Puppies contract the disease in the birth canal when they are being born or from the mother licking and breathing on them after birth.
Puppies can then spread the virus to one another as they interact within the whelping box.
However, just because one puppy in a litter is infected with CHV does not mean they all are.
Puppy Symptoms of Canine Herpes Virus
- Sudden death of newborn puppy
- Weakness, lethargy
- Persistent crying
- Lack of suckle reflex/appetite
- Painful abdomen
- Soft, yellow/green faeces
- Cold puppies
- Breathing difficulties/discharge from the nose
- Haemorrhages, nose bleeds/bruises
- Older puppies may develop nervous system abnormalities, including blindness and seizures
Preventing Canine Herpes Virus Spread
Before breeding your dog, be it male or female, ask your vet for a test to see if your dog has antibodies, and therefore has at some point been exposed to CHV.
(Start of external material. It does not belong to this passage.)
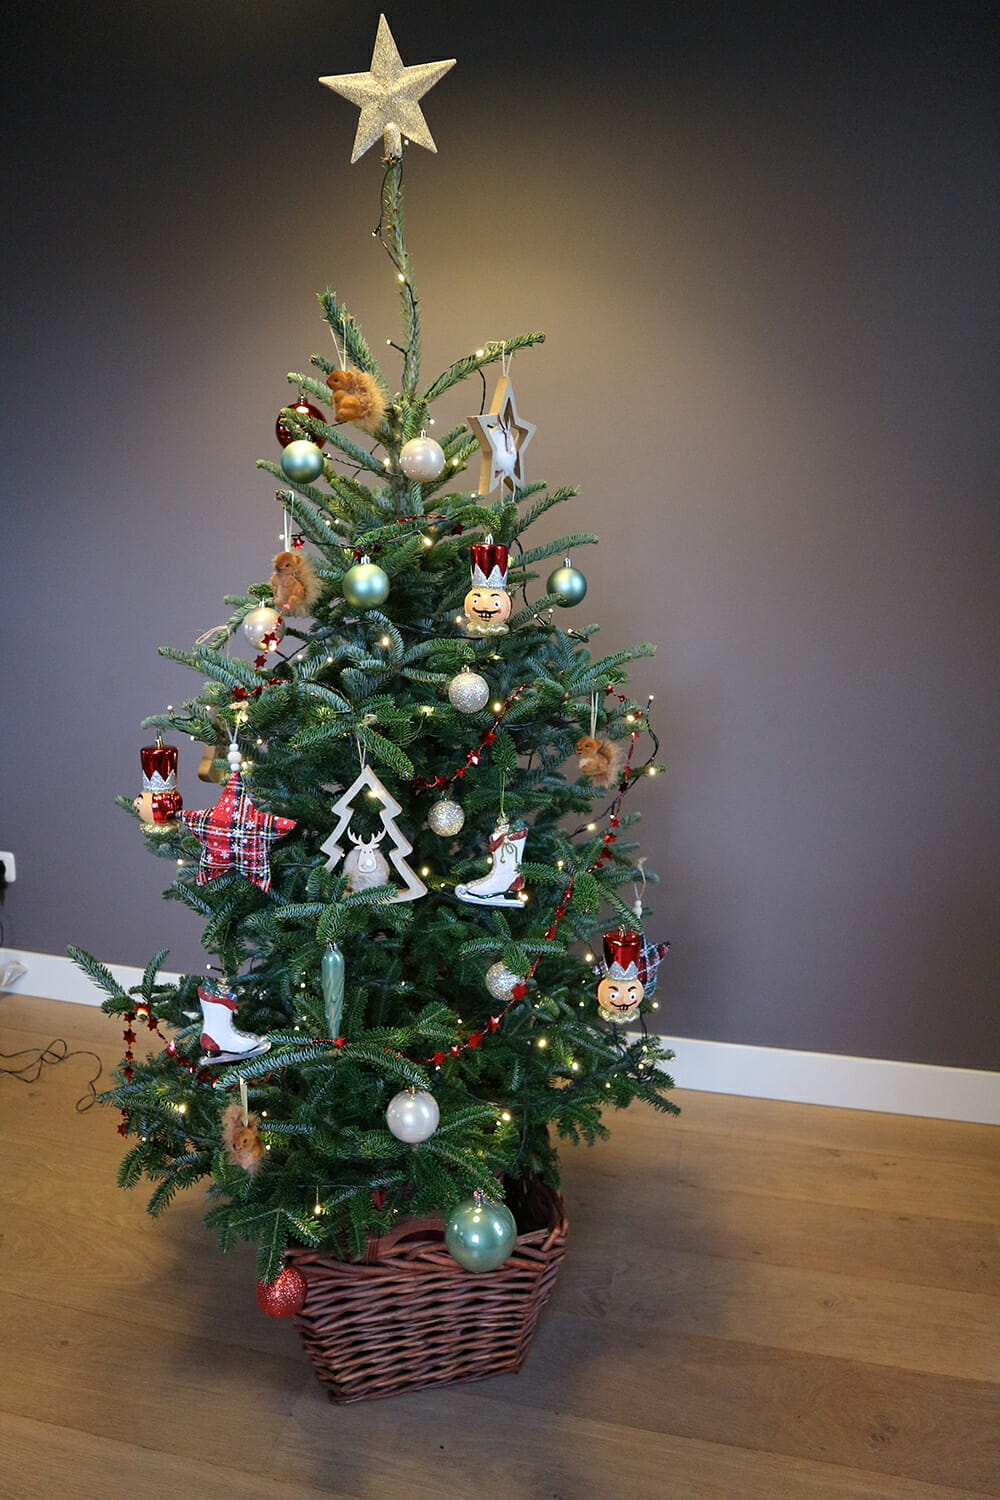 kans Speels Toegangsprijs Versierpakket speciaal voor kinderen Winter Wonderland - Echte kerstboom  kopen

This is similar to an STD test in humans.
The Canine Herpes Vaccine
Your vet can then advise you on the best course of action. There is a vaccine that can be given details are as follows;
- First injection is given either when the female is in season or 7-10 days after date of mating.
- Second injection is given 1-2 weeks before the expected whelping date
Revaccination via the same schedule for each mating is advised. This will prevent the infection from resurfacing in a later whelping.
Diagnosing Fading Puppy Syndrome
A breeder will first notice a “puppy fading” when not suckling well. The puppy may be noisy, almost mewing like a kitten. It will usually be cold and not active. They often crawl away to the corner, alone.
This then starts to happen to another, and then another. It is heartbreaking and very distressing for the bitch.
If any of your puppies appear to be showing any signs of illness or abnormal behaviour, contact your vet immediately.
The sooner you get treatment, the higher the survival rate will be. There is no cure, but there are options to support the puppies. If you act fast you can aid their recovery and save their lives.
Take action fast to stop the spread
Don’t waste time. If one or more puppies are showing signs, separate them from the rest of the litter as soon as possible.
They can quickly pass the virus on to other littermates who may be healthy. Not all of the puppies in one litter will contract CHV, and therefore preserving the health of the puppies that are not affected is crucial.
Remember to maintain temperature appropriately. CHV thrives in the body at lower temperatures.
One way to help the recovery of your puppies, or prevent more of them from becoming ill, is to keep the room and body temperature of your puppies warm.
The temperature should be maintained between 29-32 degrees for the first week to ten days.
Newborn puppies cannot regulate their own temperature and quickly get cold.
- Separate affected puppies
- Call the vet
- Keep them warm
While CHV is usually fatal in young puppies, some puppies will manage to avoid catching the infection from an affected female, and some will survive.
Do not automatically assume that you will lose the whole litter.
NOTE; humans cannot contract Canine Herpes Virus from dogs.